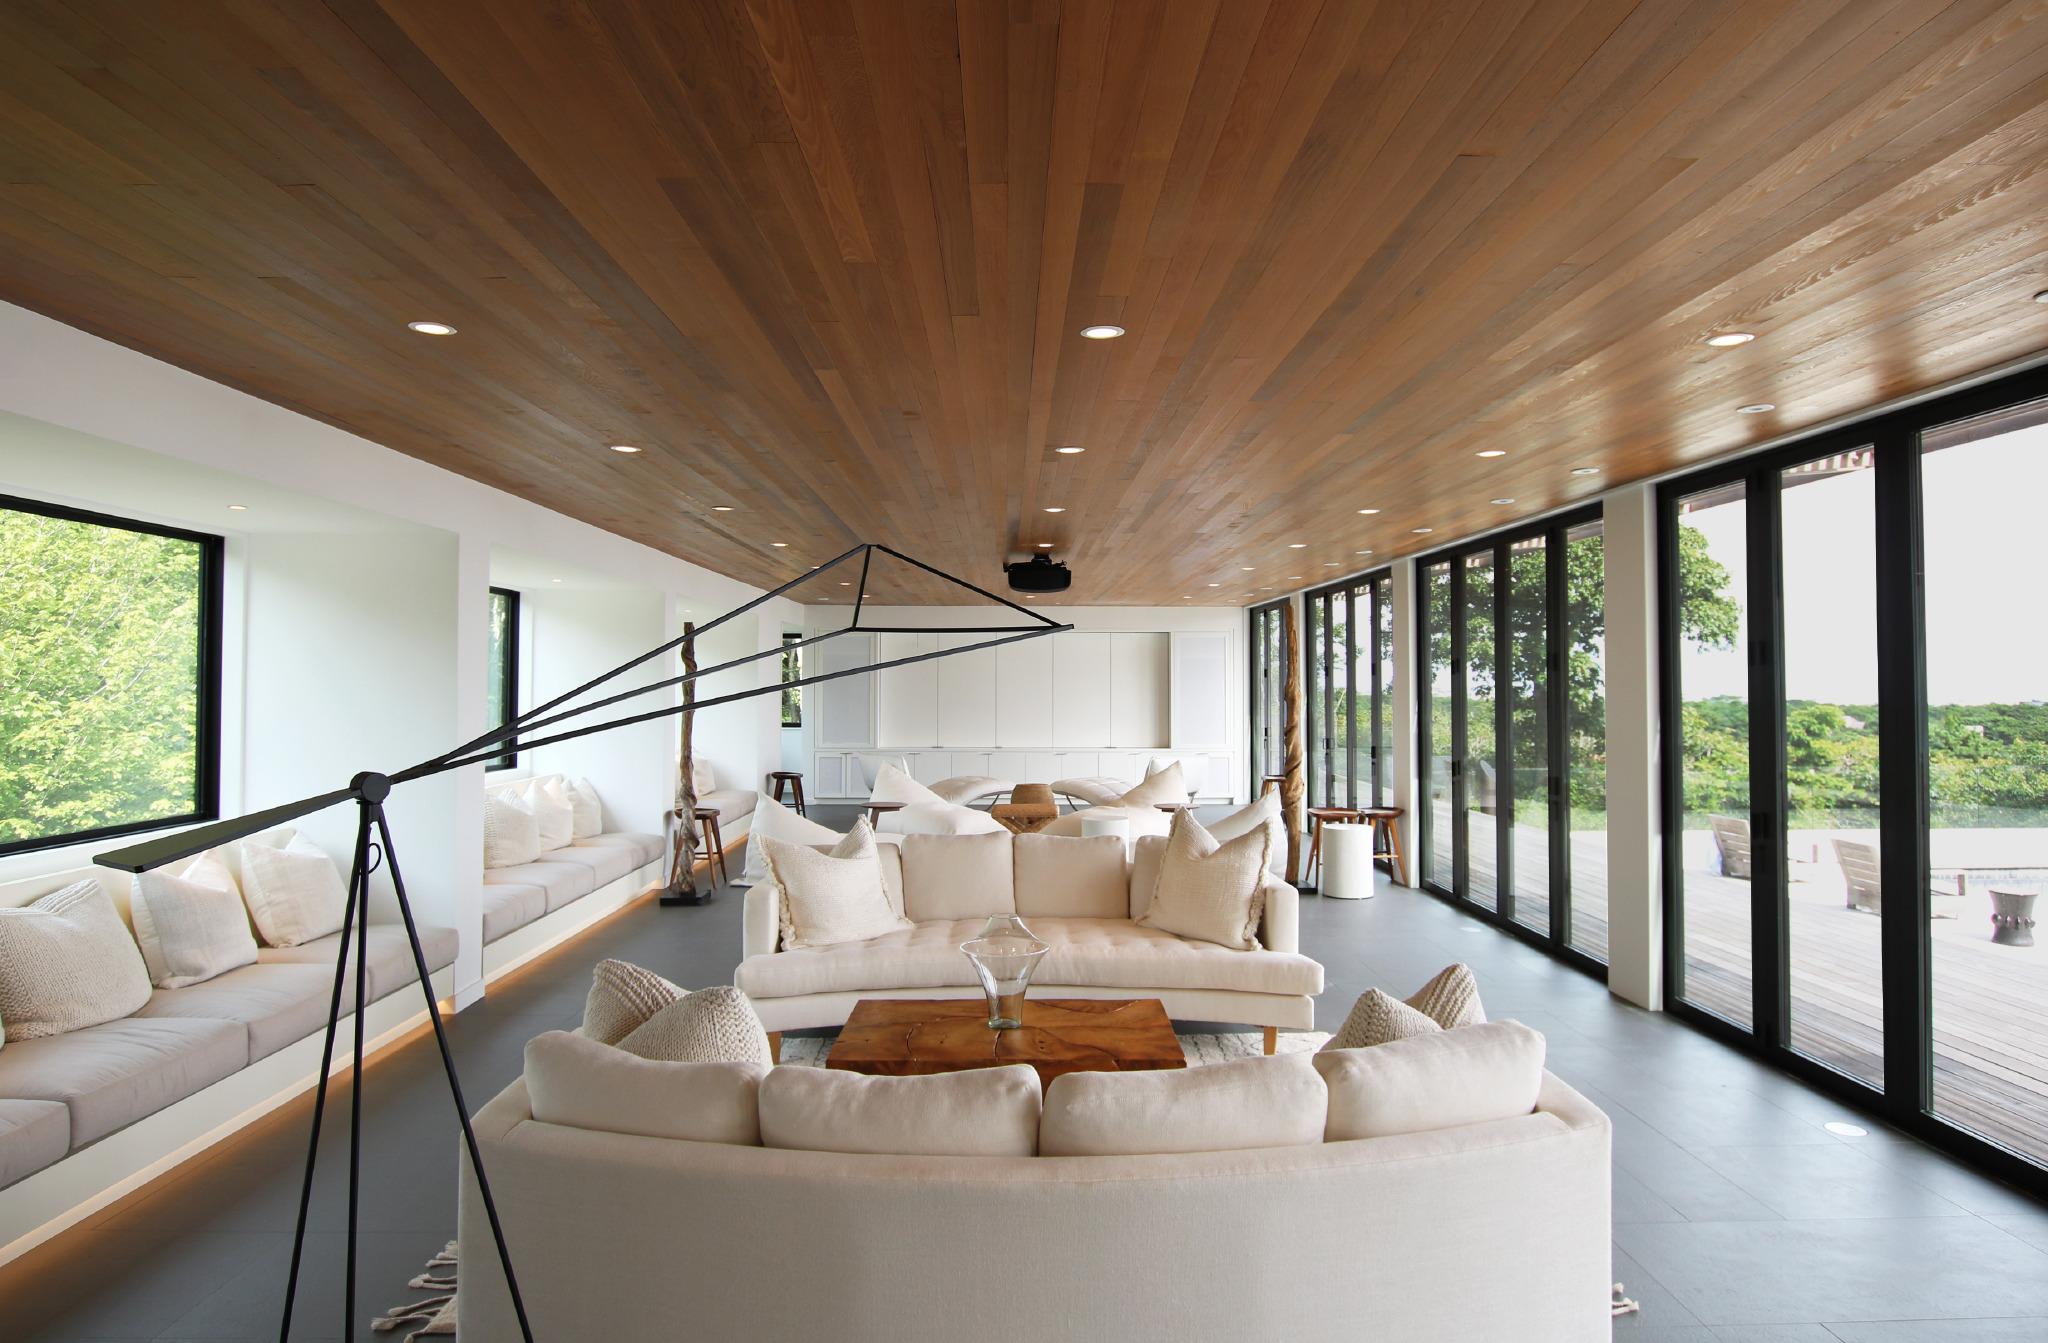 res4-resolution-4-architecture-modern-modular-house-prefab-amagansett-addition-interior-living-room-lounge.jpeg
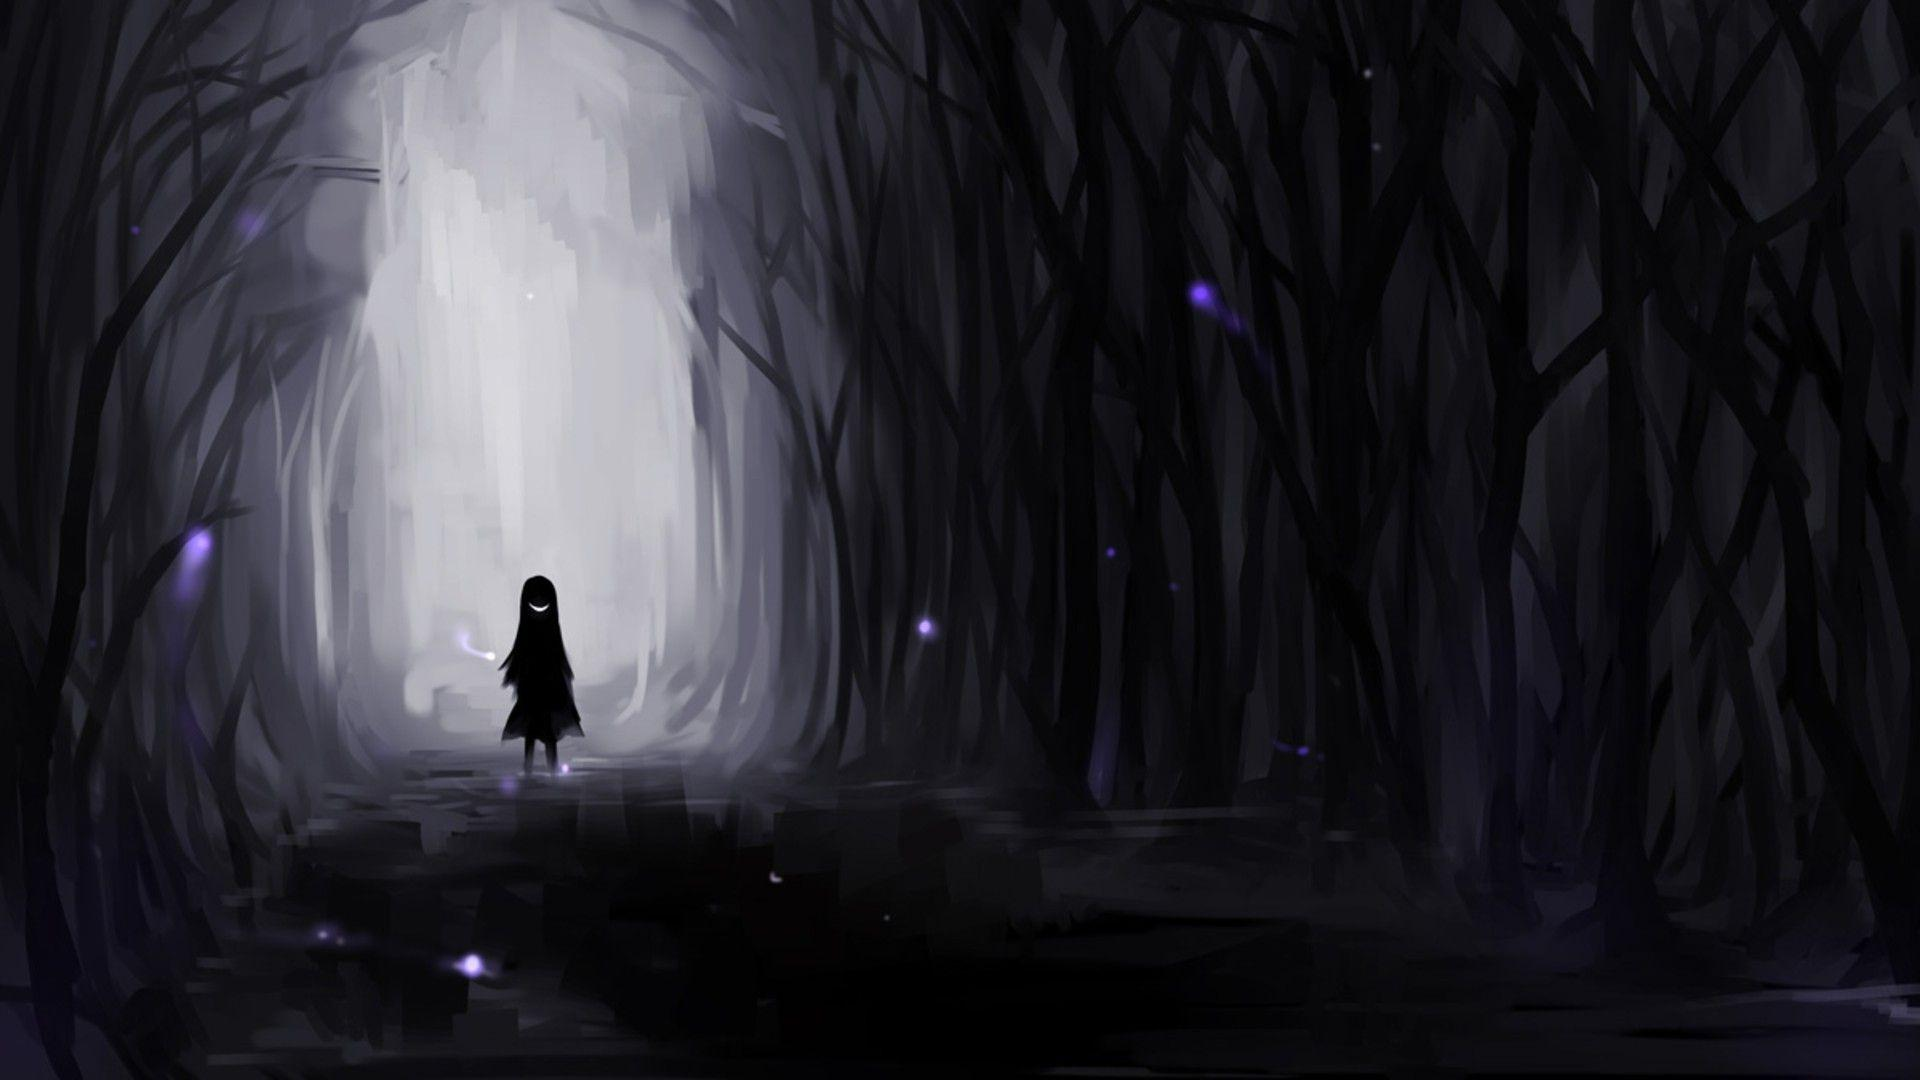 Alone Sad Anime Wallpapers   Top Alone Sad Anime Backgrounds 1920x1080
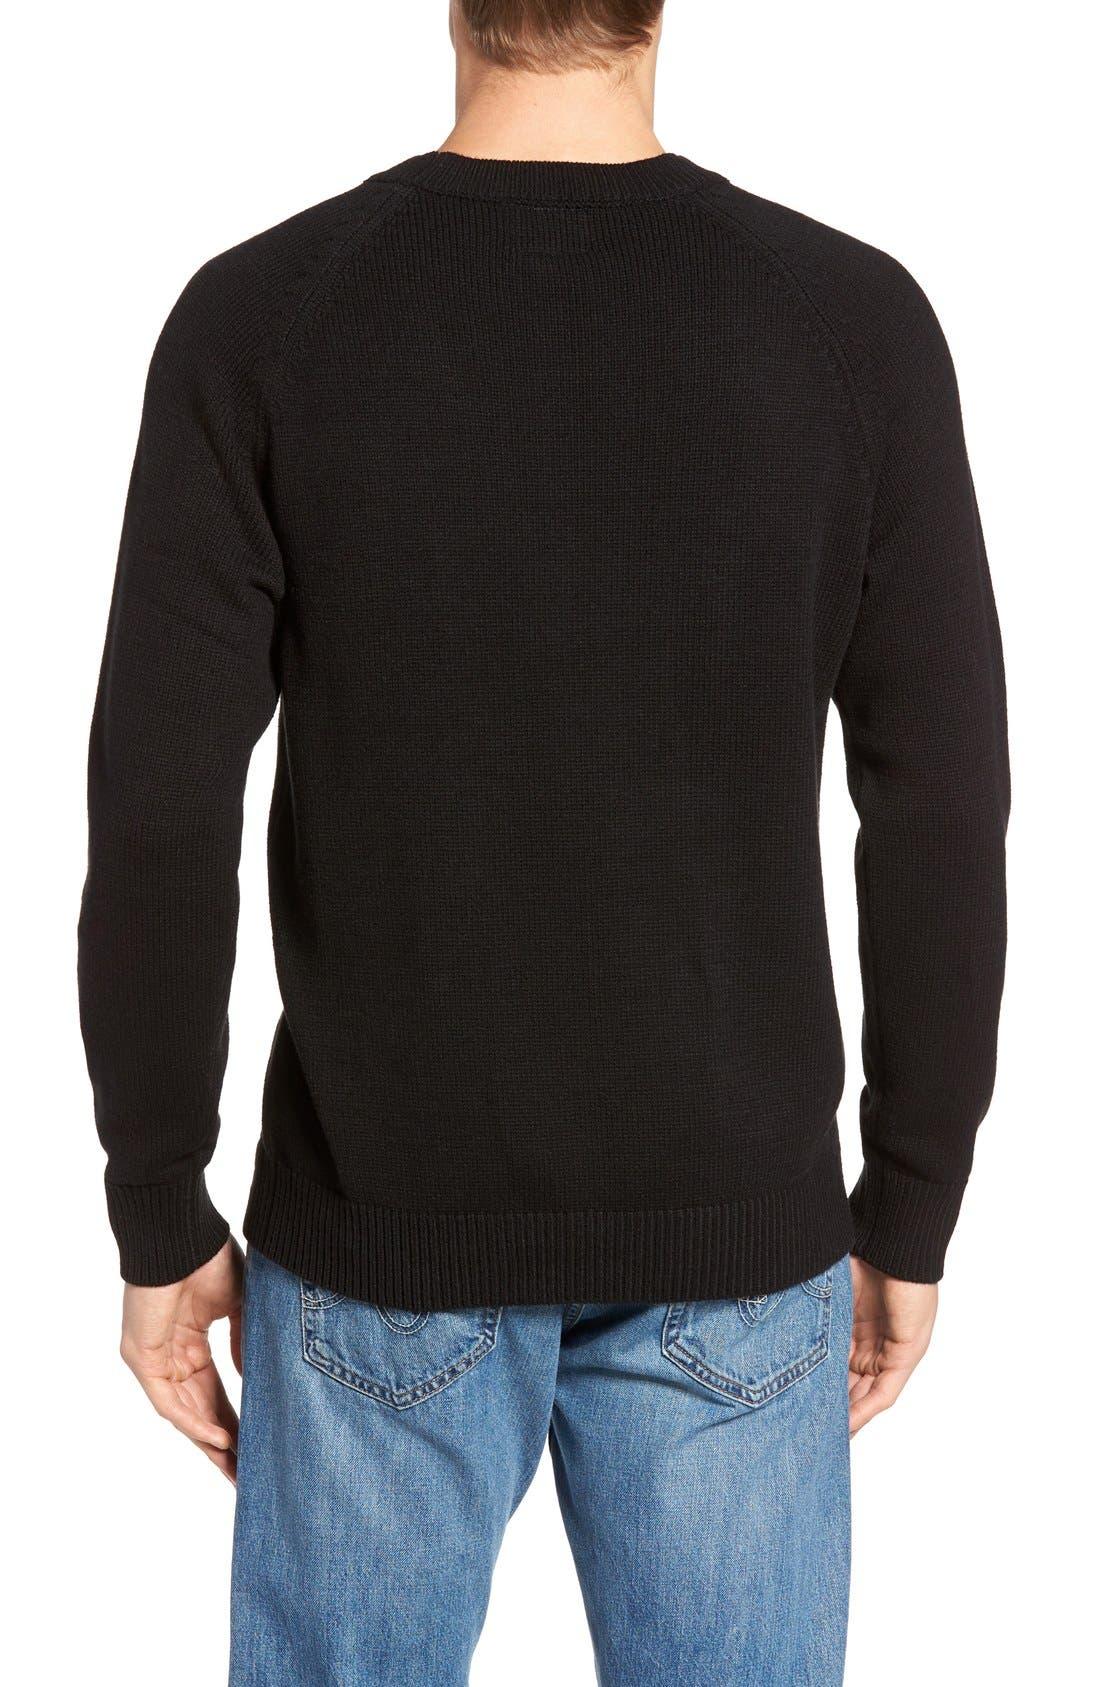 HILLFLINT,                             Iowa Heritage Sweater,                             Alternate thumbnail 2, color,                             001

--------------------------------------------------

Task instructions: Reproduce the material exactly. Pictures stay out.

Written response:
 res4-resolution-4-architecture-modern-modular-house-prefab-amagansett-addition-interior-living-room-lounge.jpeg
 Alone Sad Anime Wallpapers   Top Alone Sad Anime Backgrounds 1920x1080
 HILLFLINT,                             Iowa Heritage Sweater,                             Alternate thumbnail 2, color,                             001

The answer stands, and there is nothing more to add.